Start of Block

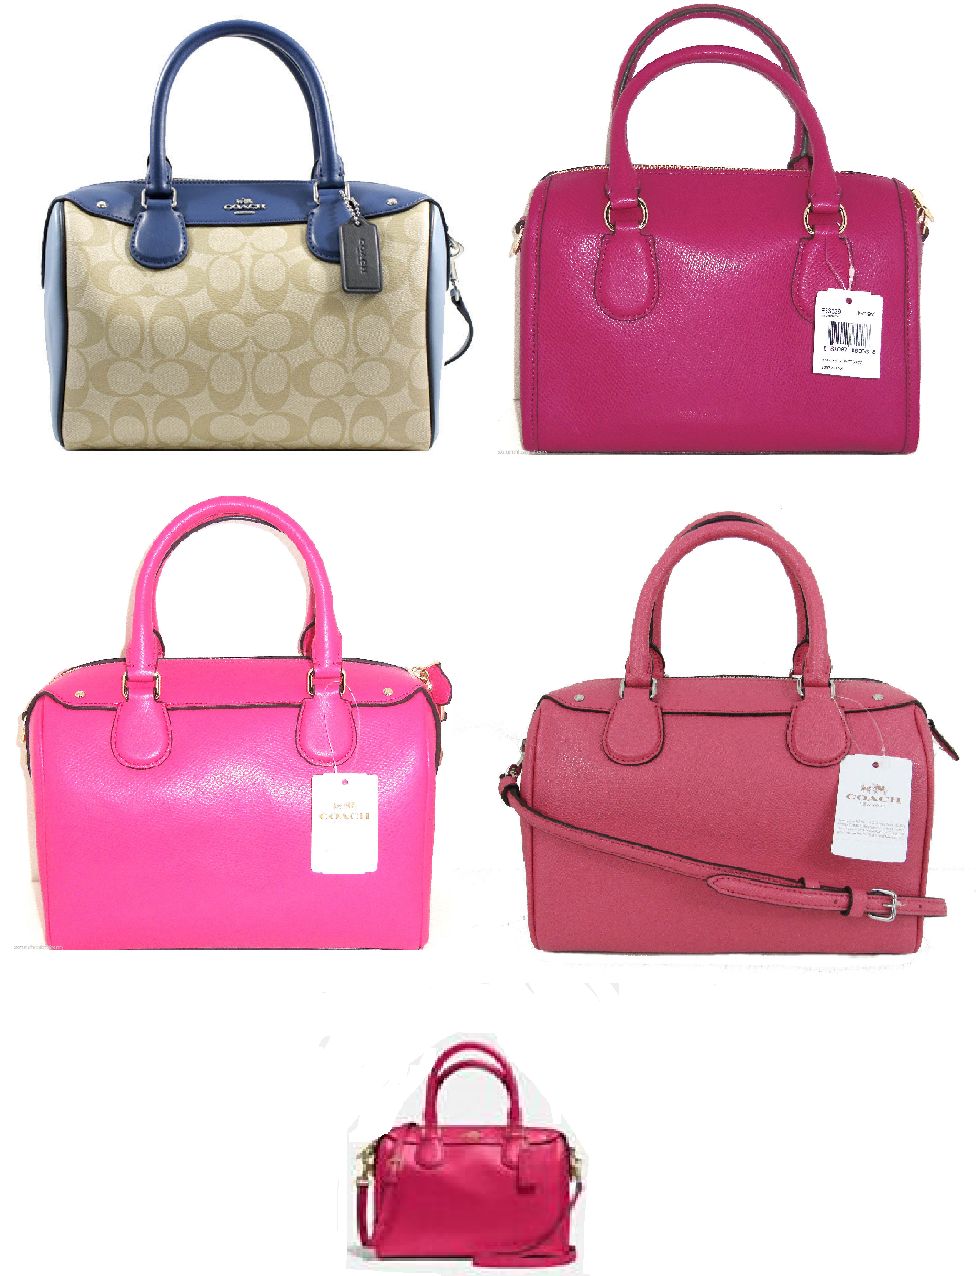 Coach Mini Bennett Bag Handbag Purse and similar items
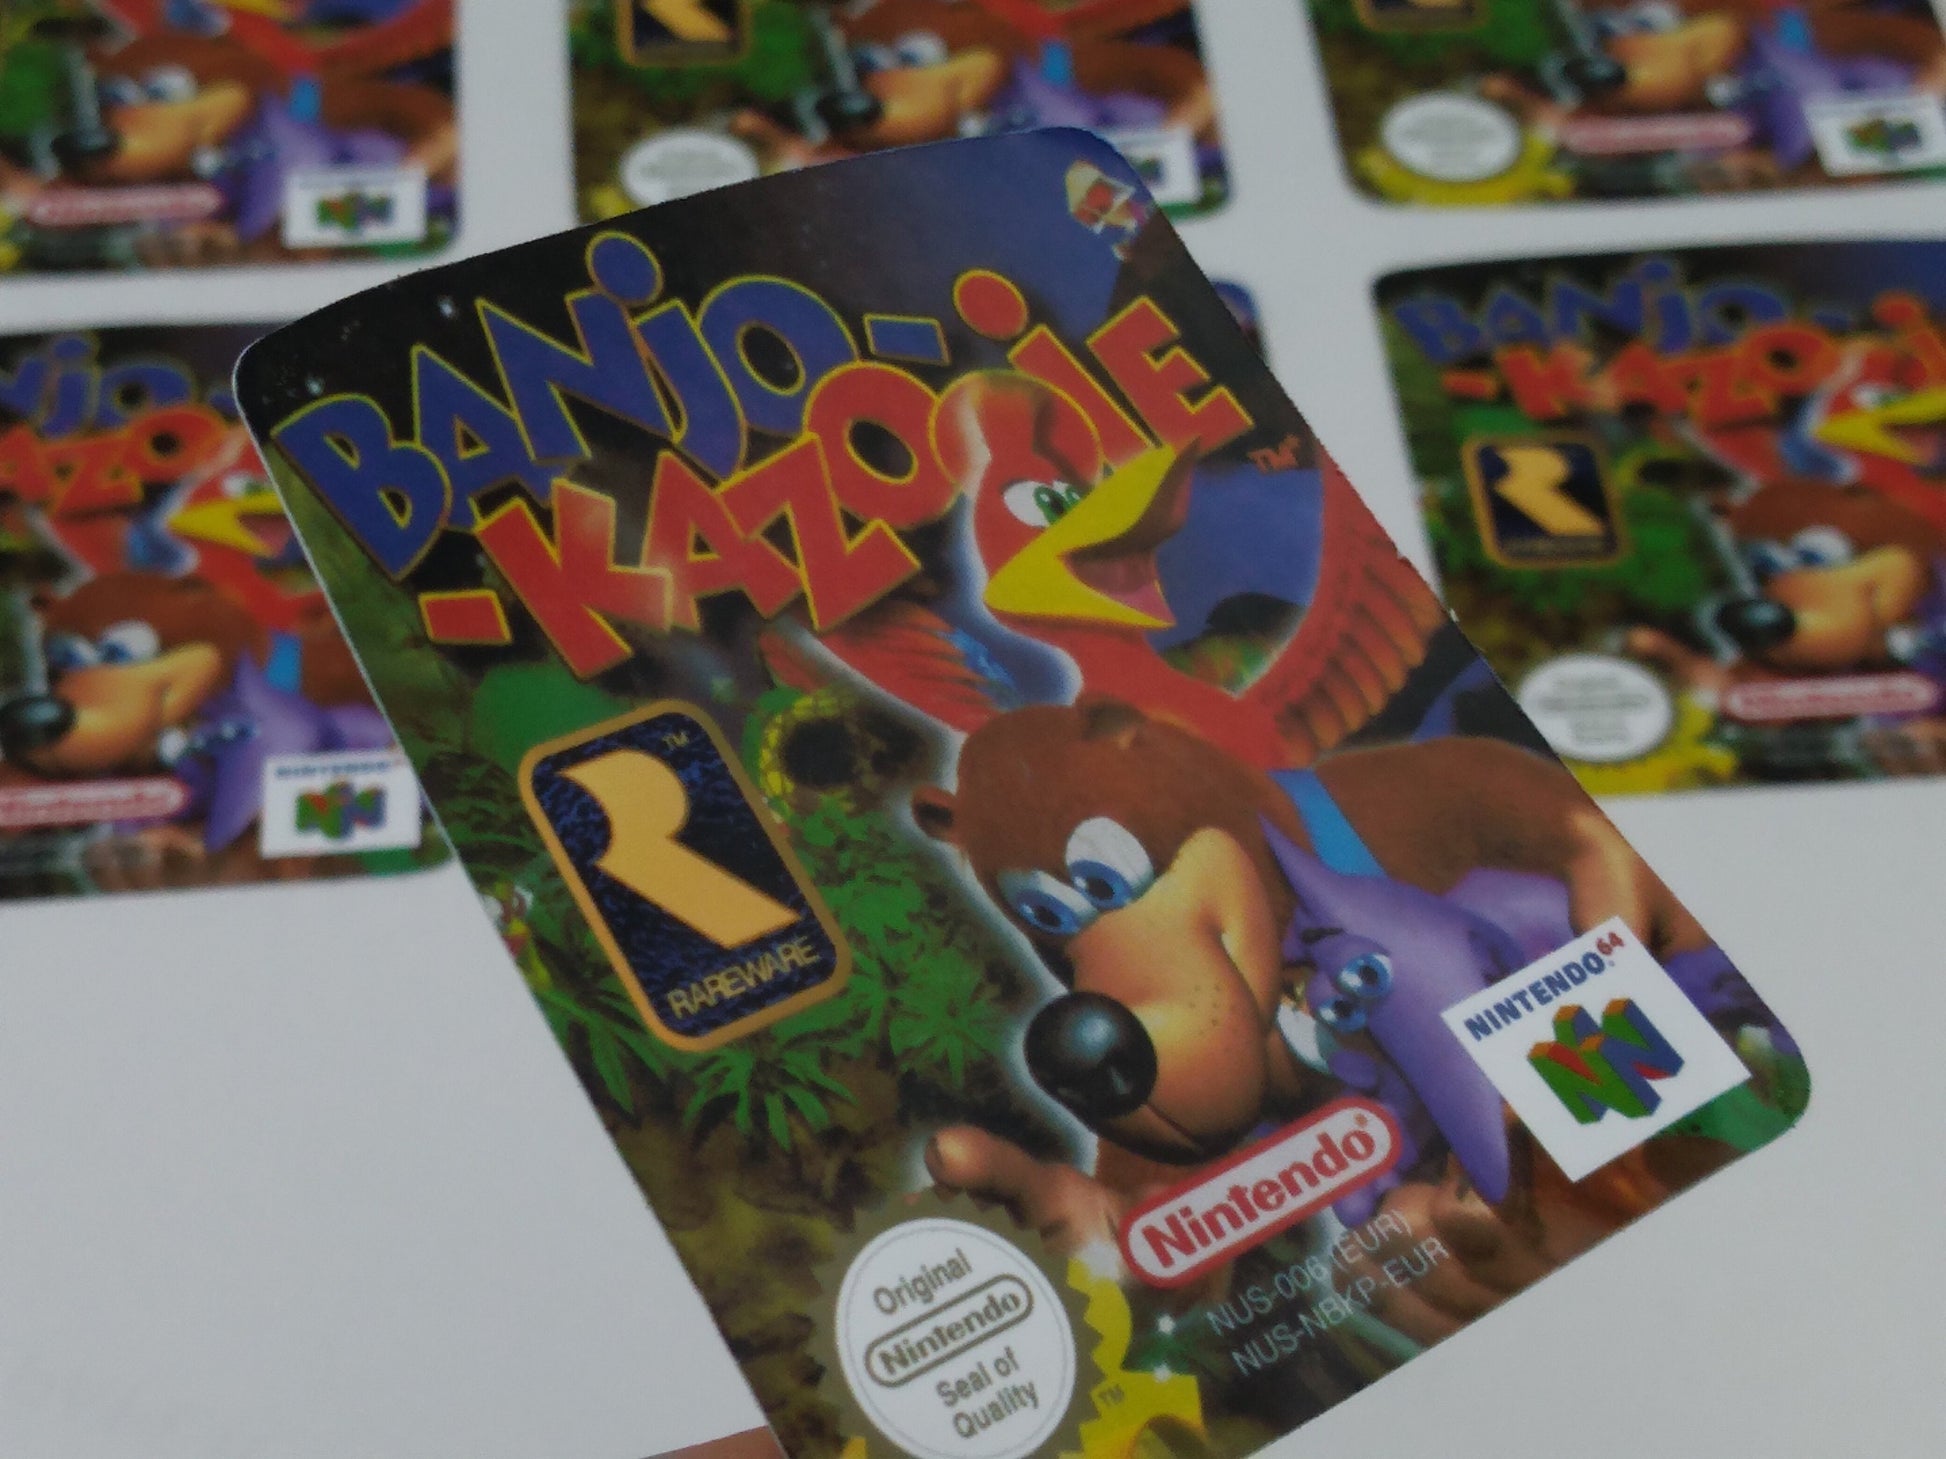 Banjo-Kazooie N64 Game Cartridges for N64 
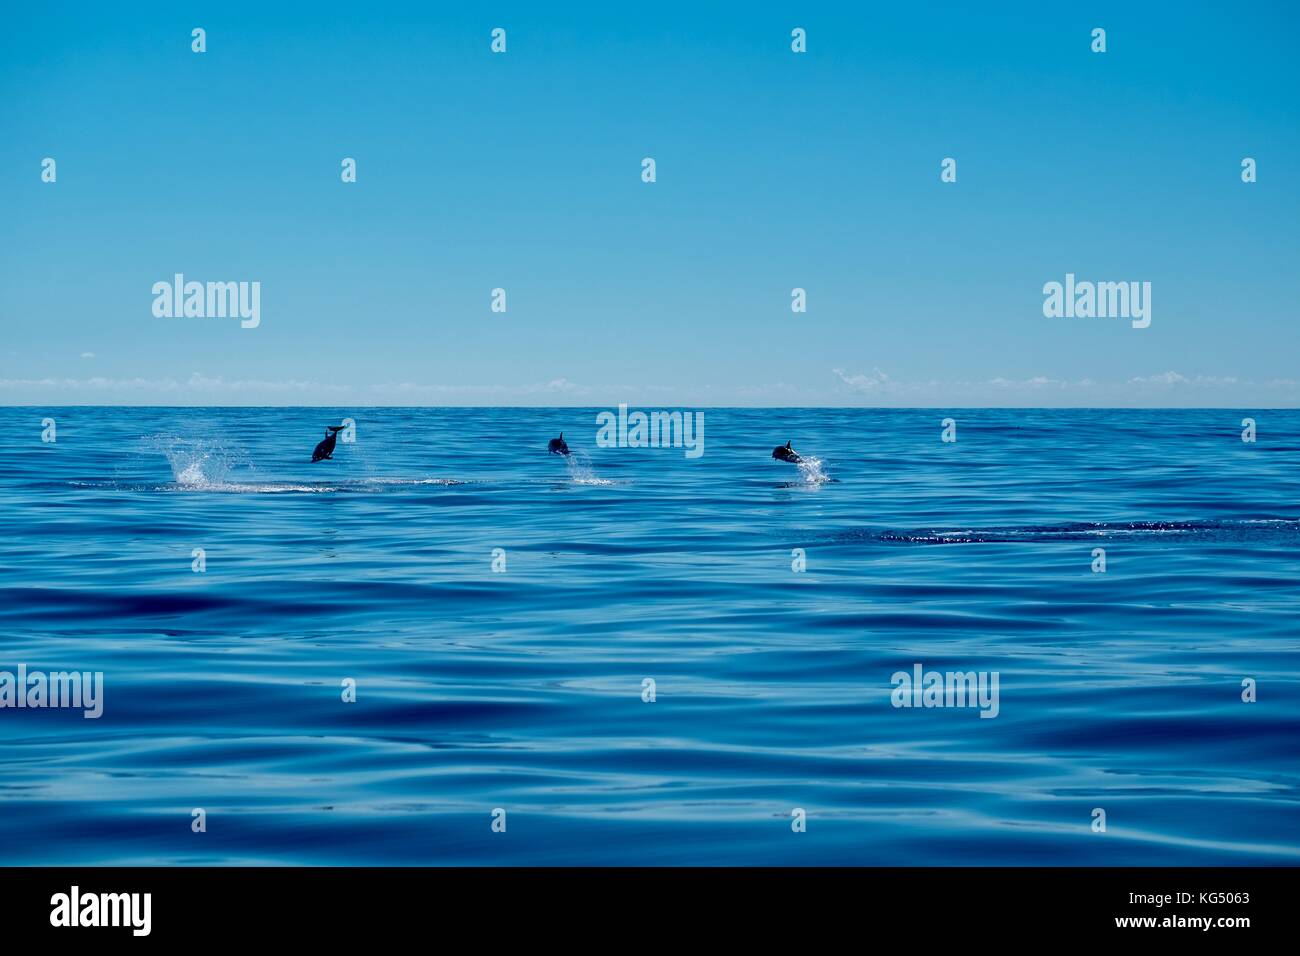 Three dolphins flying across a calm Atlantic Ocean. Stock Photo

End of Block

→ **WORK TO COMPLETE**: All of the material goes into the answer exactly as it stands, except for the pictures.

→ **EXERCISE SOLUTION**:
 Coach Mini Bennett Bag Handbag Purse and similar items
 Banjo-Kazooie N64 Game Cartridges for N64 
 Three dolphins flying across a calm Atlantic Ocean. Stock Photo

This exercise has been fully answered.